Full-moon fever

While the presence of politics in music can reassure listeners, socially conscious performers always run the risk of alienating and even smothering their audience. Folk singer/songwriter Catie Curtis has always been able to avoid this conundrum by channeling her convictions through an appreciation for life’s simple pleasures. In her writing, Curtis shuttles between politics and everyday living, but leans heavily toward the latter. And it’s her attention to this balance, she feels, that strikes a chord with her following.

A moment of peace: Catie Curtis’ musical message is a balancing act between personal experience and social activism.

“If I play a show,” Curtis says, “and 90 percent of the material is about day-to-day stuff that people relate to more on a social level, and maybe 5 or 10 percent is about the big picture—world peace, government problems, politics, things like that—I find that, for those moments, people are nodding and just relieved that someone’s naming the elephant in the room, because everyone is concerned about some serious problems going on.

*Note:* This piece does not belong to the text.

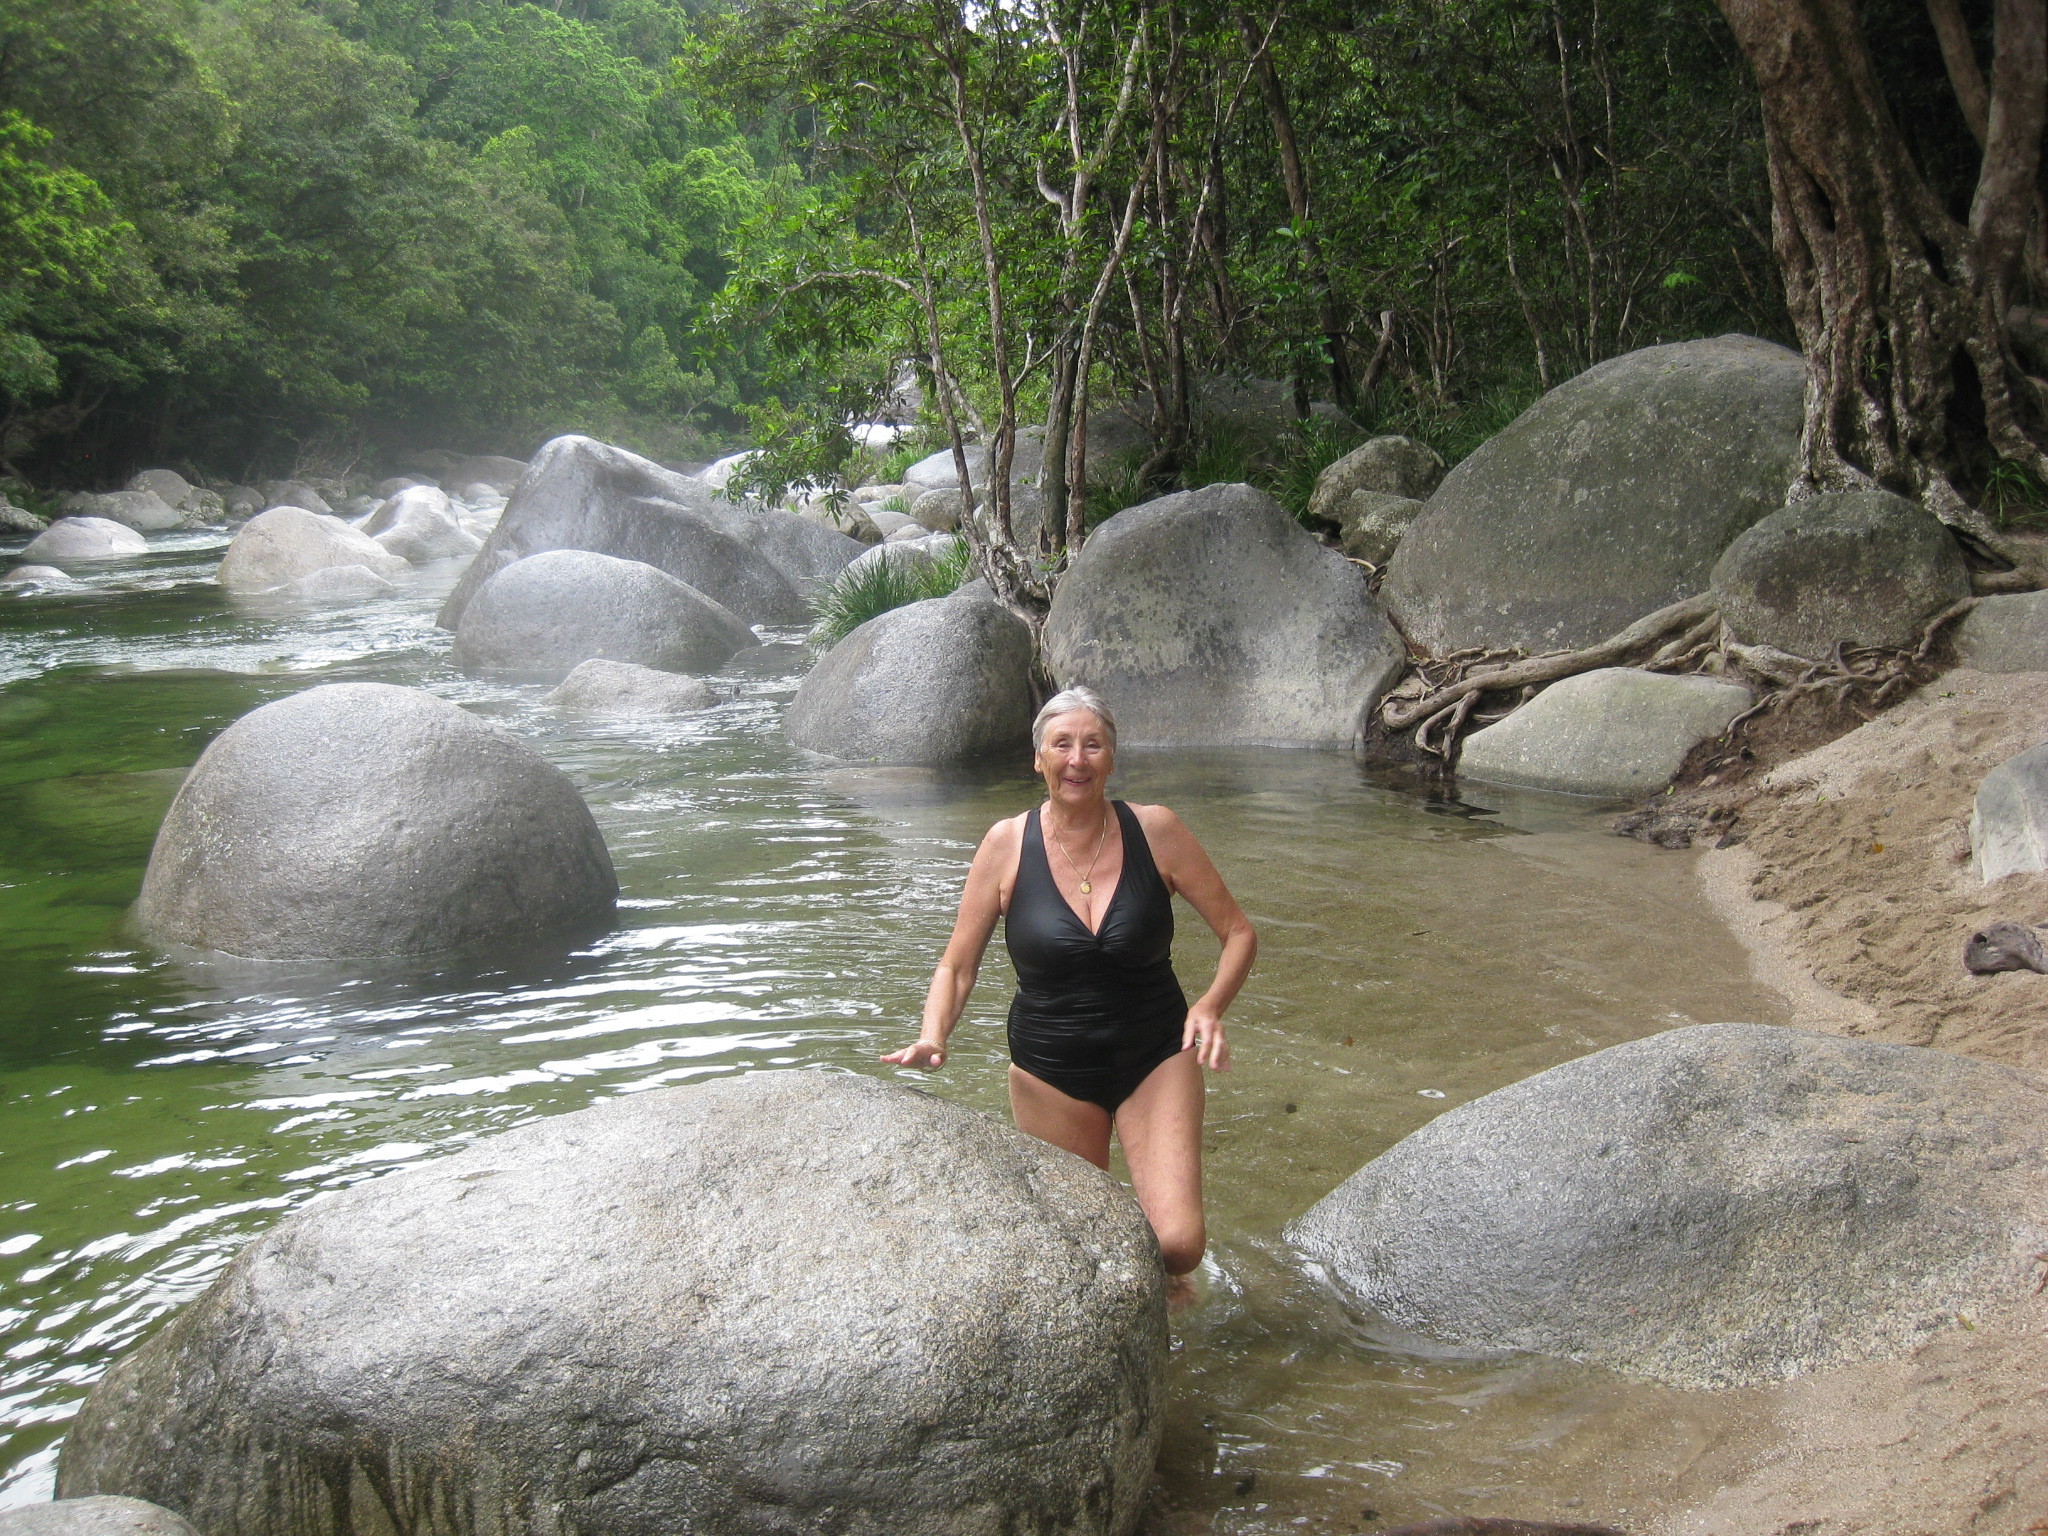 Gerda emerging from the very refreshing river water.

And yet I don’t think that people who come to see me play want to hear about it for 75 minutes.”

Throughout her career, which began in earnest on the early ‘90s Boston coffeehouse-circuit, Curtis has touched on heavy issues such as gay marriage, discrimination and poverty. But she has also devoted much of her attention to depicting situations that the average person can relate to. Winter, for example, and the basic need to seek warmth—whether in someone else’s embrace or the basic comfort of staying indoors—are themes that recur often.

Her latest album, Long Night Moon, is no exception. The album title, in fact, refers to the full moon that takes place in December. (Fittingly enough, the most recent one occurred on Dec. 24.)

A native New Englander, Curtis says she cherishes the long nights of winter. On the new album’s title track, however, she focuses the winter-moon imagery through the lens of her feelings on motherhood. (Curtis has two adopted daughters.) And though she insists that becoming a mother hasn’t steered her writing toward explicitly domestic or family themes, she does acknowledge the increased sense of hope in her new material. Always willing to tackle politics or lend her support to social causes in the past, Curtis nonetheless wrote from a perspective that lacked an essential faith in human nature. Long Night Moon marks a recent shift.

“I think that we all try to balance a certain realism about human nature and the seriousness of problems with hopefulness,” the songwriter says. “Having kids tips the balance more towards hopefulness because it’s really hard to face them and say, ‘It’s hopeless.’ Why maintain an attitude of hopelessness when you’re raising kids and want them to be hopeful? But I still feel like there are some very intense problems in the world. So then, the next step is ‘OK, then what can we possibly do to make small changes?’”

“But,” she admits, “I’m not really at peace with how much I do. Like a lot of people, I feel like I don’t do enough.

“And I wonder sometimes,” she offers with a laugh, “if we’re actually just preparing ourselves for a time when many of us will have to drop the things that take up our time. Some day in the not-too-distant future, we may all have to get much more involved in trying to make change as a matter of survival. I mean, right now we’re all kind of coasting, aren’t we? We’re getting through, and there doesn’t seem like there’s any danger so imminent that we have to drop everything that we’re doing. And until that time comes, maybe we’re preparing ourselves for that and we know that it could come where we all have to really all start pulling together for massive change.”

For Curtis, however, the notion of “pulling together” entails some limits that she’s grown increasingly comfortable with over time.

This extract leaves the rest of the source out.